时间:2018-08-21 00:09:37

标签: scala apache-spark

我有两个数据框,即左和右。我有可以解决我问题的解决方案。我需要一种使其通用的方法。我的问题在这里结束。

leftDF:

+------+---------+-------+-------+
|leftId|leftAltId|leftCur|leftAmt|
+------+---------+-------+-------+
|1     |100      |USD    |20     |
|2     |200      |INR    |100    |
|4     |500      |MXN    |100    |
+------+---------+-------+-------+

rightDF:

+-------+----------+--------+--------+
|rightId|rightAltId|rightCur|rightAmt|
+-------+----------+--------+--------+
|1      |300       |USD     |20      |
|3      |400       |MXN     |100     |
|4      |600       |MXN     |200     |
+-------+----------+--------+--------+

我想在这两个数据帧之间执行联接,我希望有四个数据帧作为输出

    在leftDF中存在的
  1. 交易,而在rightDF中不存在

  2. rightDF中存在的
  3. 交易,而leftDF中不存在

  4. 事务具有两个数据帧之间通用的id之一

    3.a严格匹配:相同的货币,两个数据框之间的金额。示例:ID为1的交易。

    3.b轻松匹配:具有相同ID,但货币/金额组合不同的交易。 ID为4的示例交易。

这是所需的输出:

  1. leftDF中存在的事务,而rightDF中不存在

    +------+---------+-------+-------+-------+----------+--------+--------+
    |leftId|leftAltId|leftCur|leftAmt|rightId|rightAltId|rightCur|rightAmt|
    +------+---------+-------+-------+-------+----------+--------+--------+
    |2     |200      |INR    |100    |null   |null      |null    |null    |
    +------+---------+-------+-------+-------+----------+--------+--------+
    
  2. 在rightDF中存在的
  3. 交易,而在leftDF中不存在

    +------+---------+-------+-------+-------+----------+--------+--------+
    |leftId|leftAtId|leftCur|leftAmt|rightId|rightAltId|rightCur|rightAmt|
    +------+---------+-------+-------+-------+----------+--------+--------+
    |null  |null     |null   |null   |3      |400       |MXN     |100     |
    +------+---------+-------+-------+-------+----------+--------+--------+
    
  4. 事务具有两个数据帧之间通用的id之一

    +------+---------+-------+-------+-------+----------+--------+--------+
    |leftId|leftAltId|leftCur|leftAmt|rightId|rightAltId|rightCur|rightAmt|
    +------+---------+-------+-------+-------+----------+--------+--------+
    |1     |100      |USD    |20     |1      |300       |USD     |20      |
    |4     |500      |MXN    |100    |4      |600       |MXN     |200     |
    +------+---------+-------+-------+-------+----------+--------+--------+
    

    3.a严格匹配:相同的货币,两个数据框之间的金额。示例:ID为1的交易。

    +------+---------+-------+-------+-------+----------+--------+--------+        
    |leftId|leftAltId|leftCur|leftAmt|rightId|rightAltId|rightCur|rightAmt|
    +------+---------+-------+-------+-------+----------+--------+--------+
    |1     |100      |USD    |20     |1      |300       |USD     |20      |
    +------+---------+-------+-------+-------+----------+--------+--------+
    

    3.b轻松匹配:具有相同ID,但货币/金额组合不同的交易。 ID为4的示例交易。

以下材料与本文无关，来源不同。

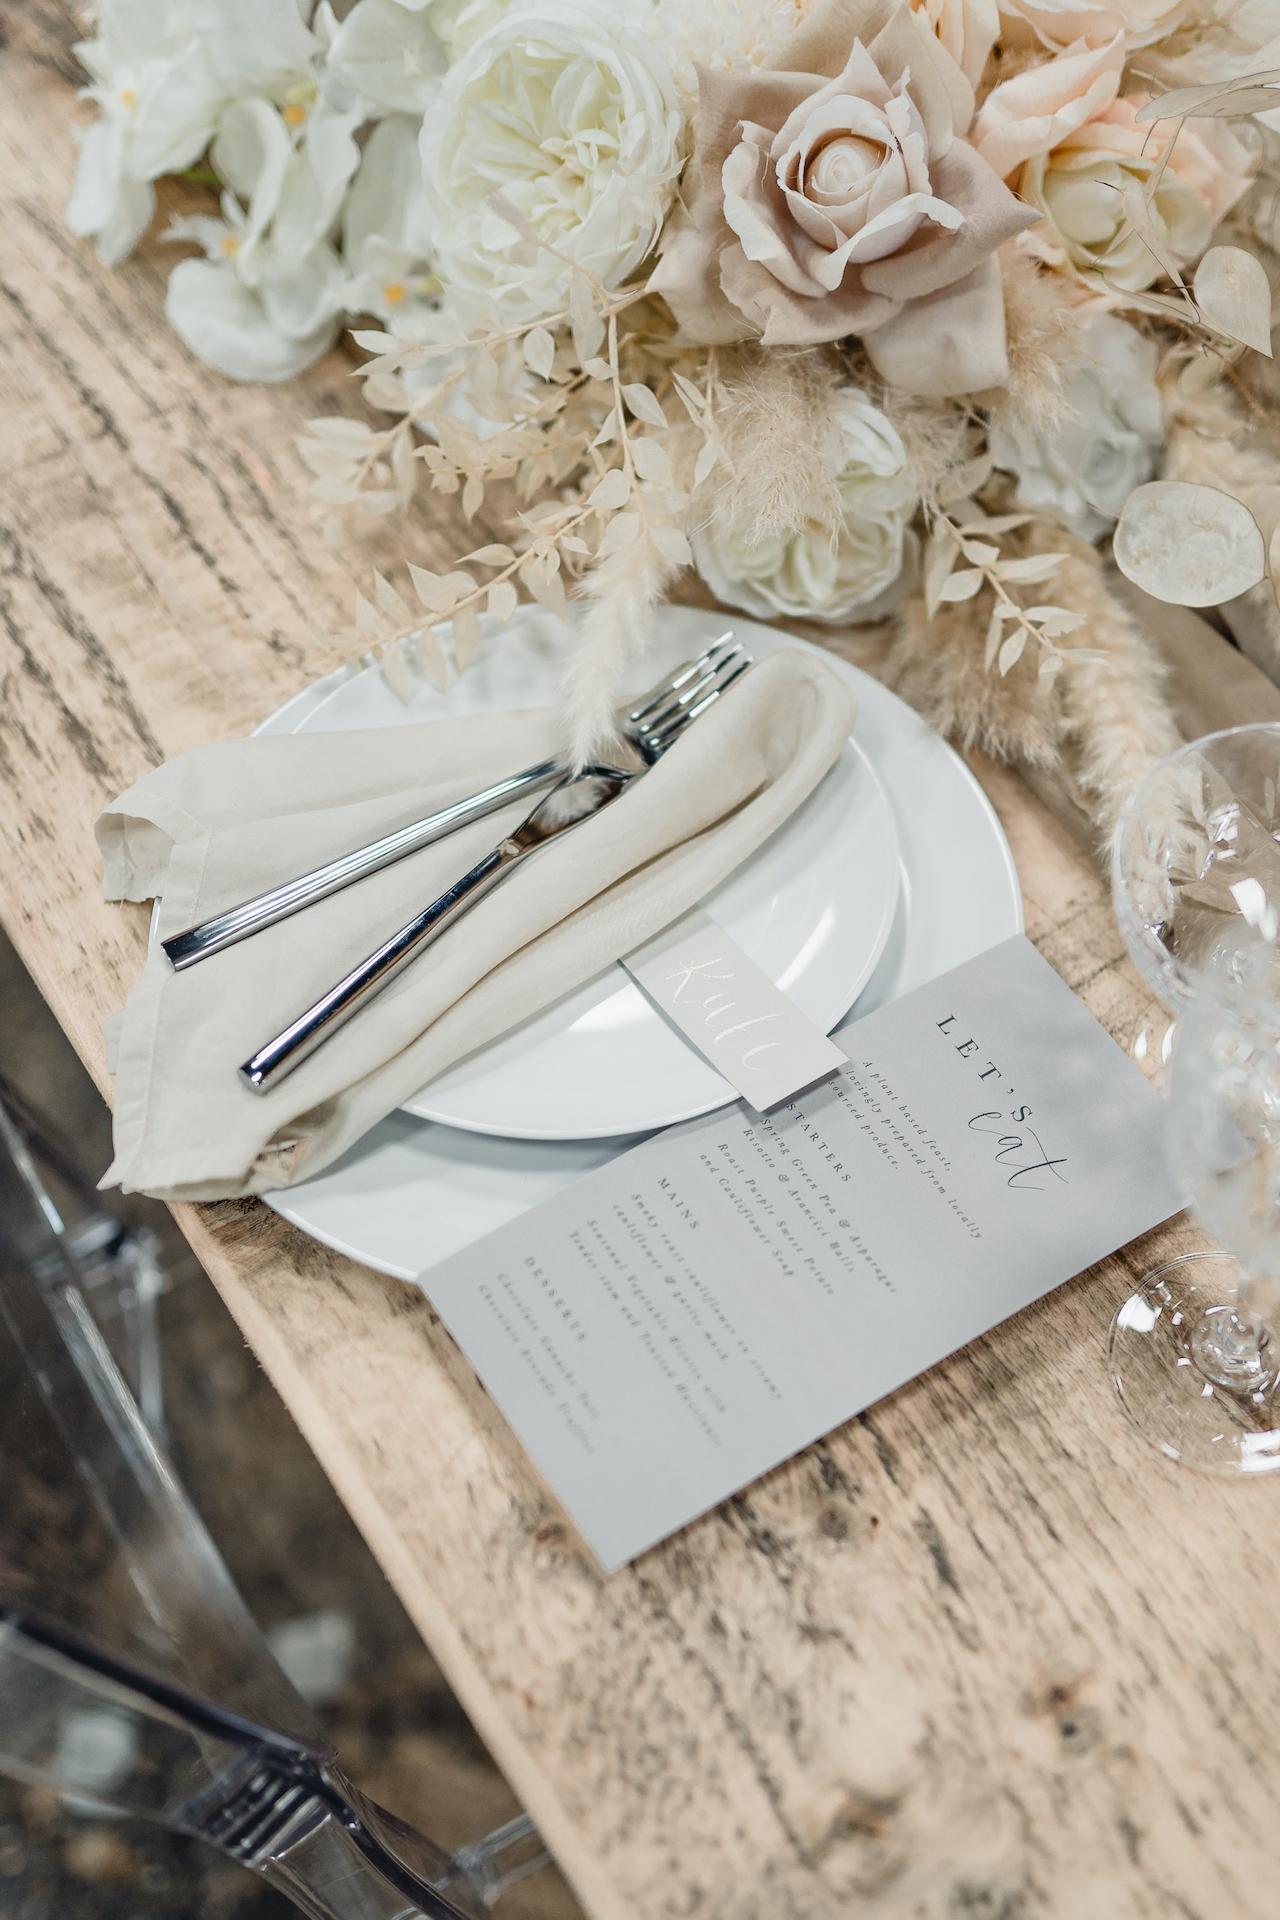 Wedding table styling ideas uk
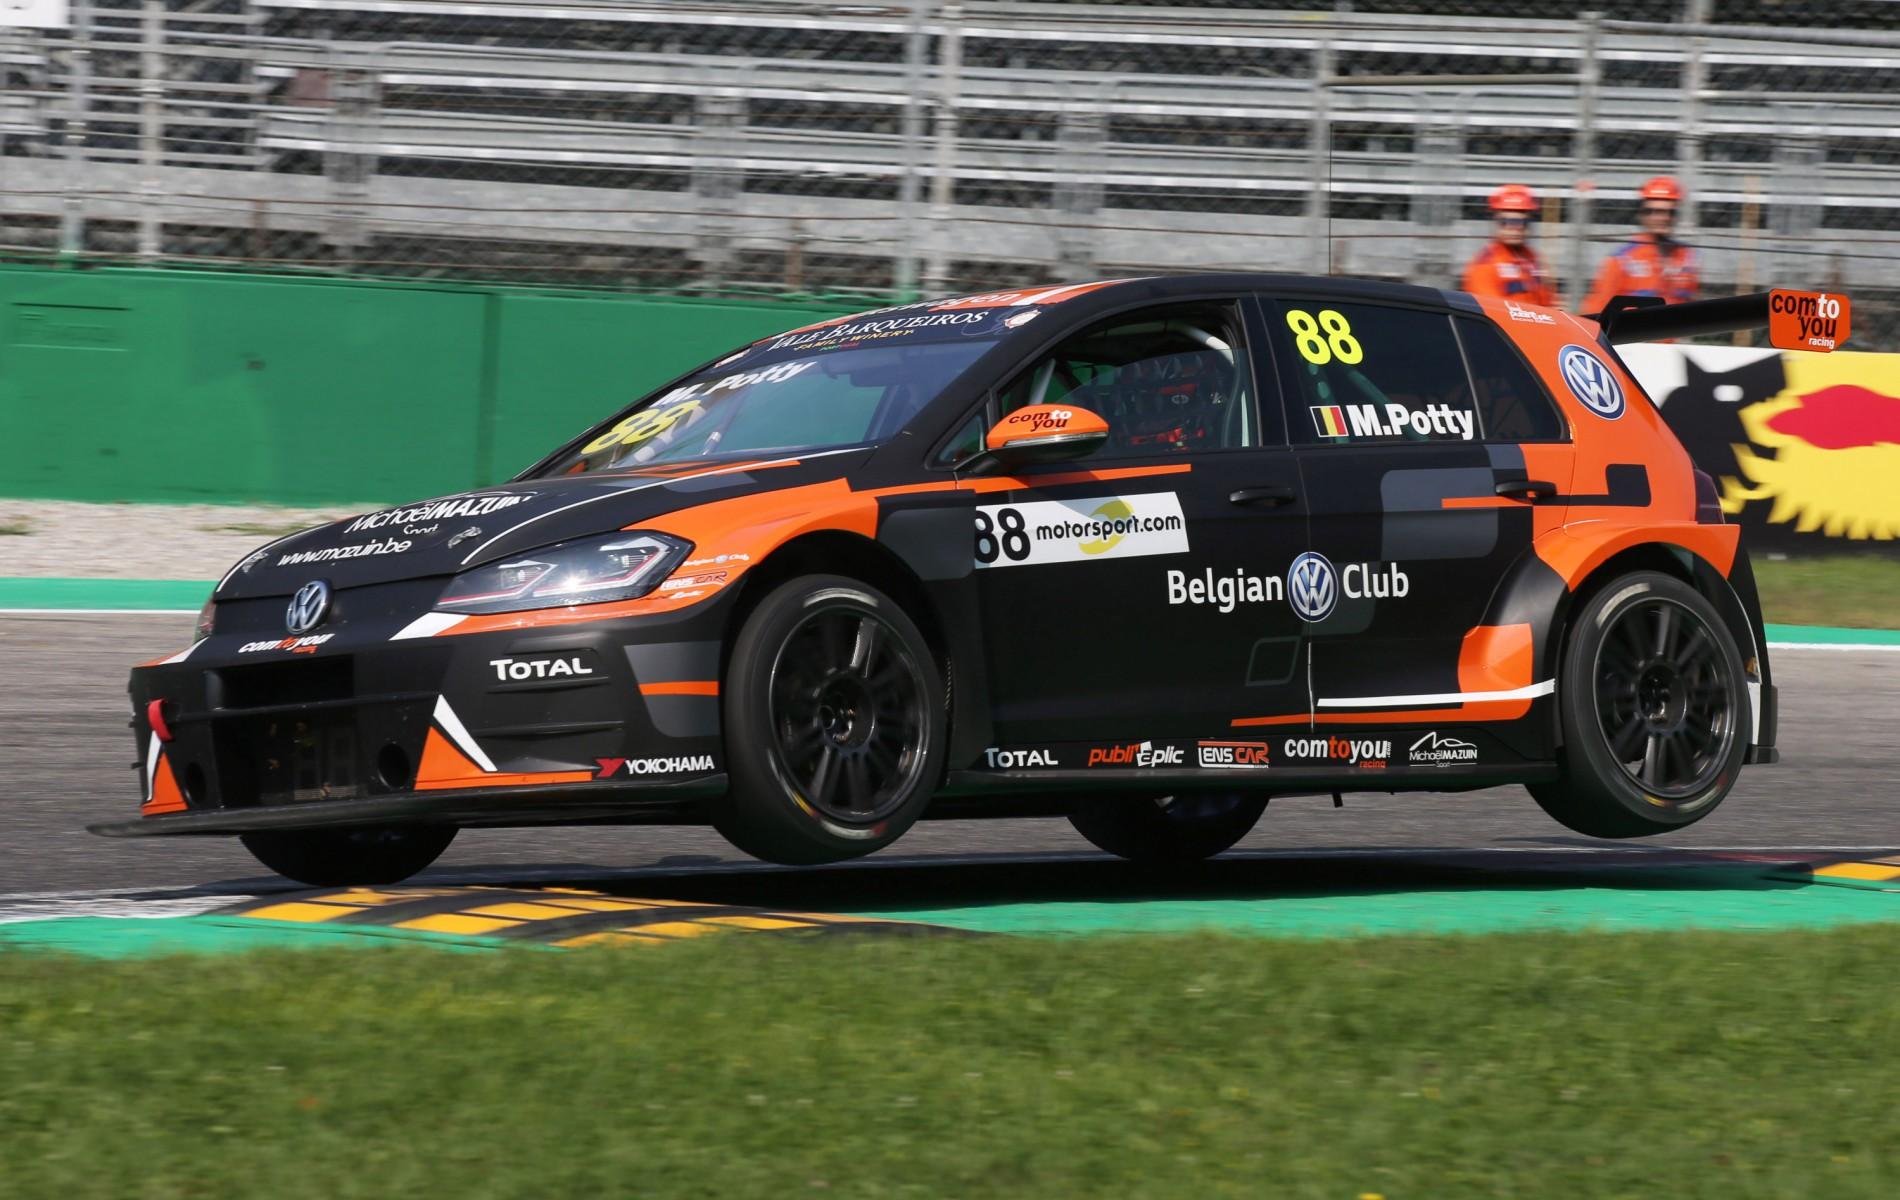 Maxime Potty weer in de kopgroep in Monza

     +------+---------+-------+-------+-------+----------+--------+--------+
    |leftId|leftAltId|leftCur|leftAmt|rightId|rightAltId|rightCur|rightAmt|
    +------+---------+-------+-------+-------+----------+--------+--------+
    |4     |500      |MXN    |100    |4      |600       |MXN     |200     |
    +------+---------+-------+-------+-------+----------+--------+--------+
    

这是我的工作代码:

import sparkSession.implicits._

val leftDF: DataFrame = Seq((1, 100, "USD", 20), (2, 200, "INR", 100), (4, 500, "MXN", 100)).toDF("leftId", "leftAltId", "leftCur", "leftAmt")
val rightDF: DataFrame = Seq((1, 300, "USD", 20), (3, 400, "MXN", 100), (4, 600, "MXN", 200)).toDF("rightId", "rightAltId", "rightCur", "rightAmt")

leftDF.show(false)
rightDF.show(false)
val idMatchQuery = leftDF("leftId") === rightDF("rightId") || leftDF("leftAltId") === rightDF("rightAltId")
val currencyMatchQuery = leftDF("leftCur") === rightDF("rightCur") && leftDF("leftAmt") === rightDF("rightAmt")
val leftOnlyQuery = (col("leftId").isNotNull && col("rightId").isNull) || (col("leftAltId").isNotNull && col("rightAltId").isNull)
val rightOnlyQuery = (col("rightId").isNotNull && col("leftId").isNull) || (col("rightAltId").isNotNull && col("leftAltId").isNull)
val matchQuery = (col("rightId").isNotNull && col("leftId").isNotNull) || (col("rightAltId").isNotNull && col("leftAltId").isNotNull)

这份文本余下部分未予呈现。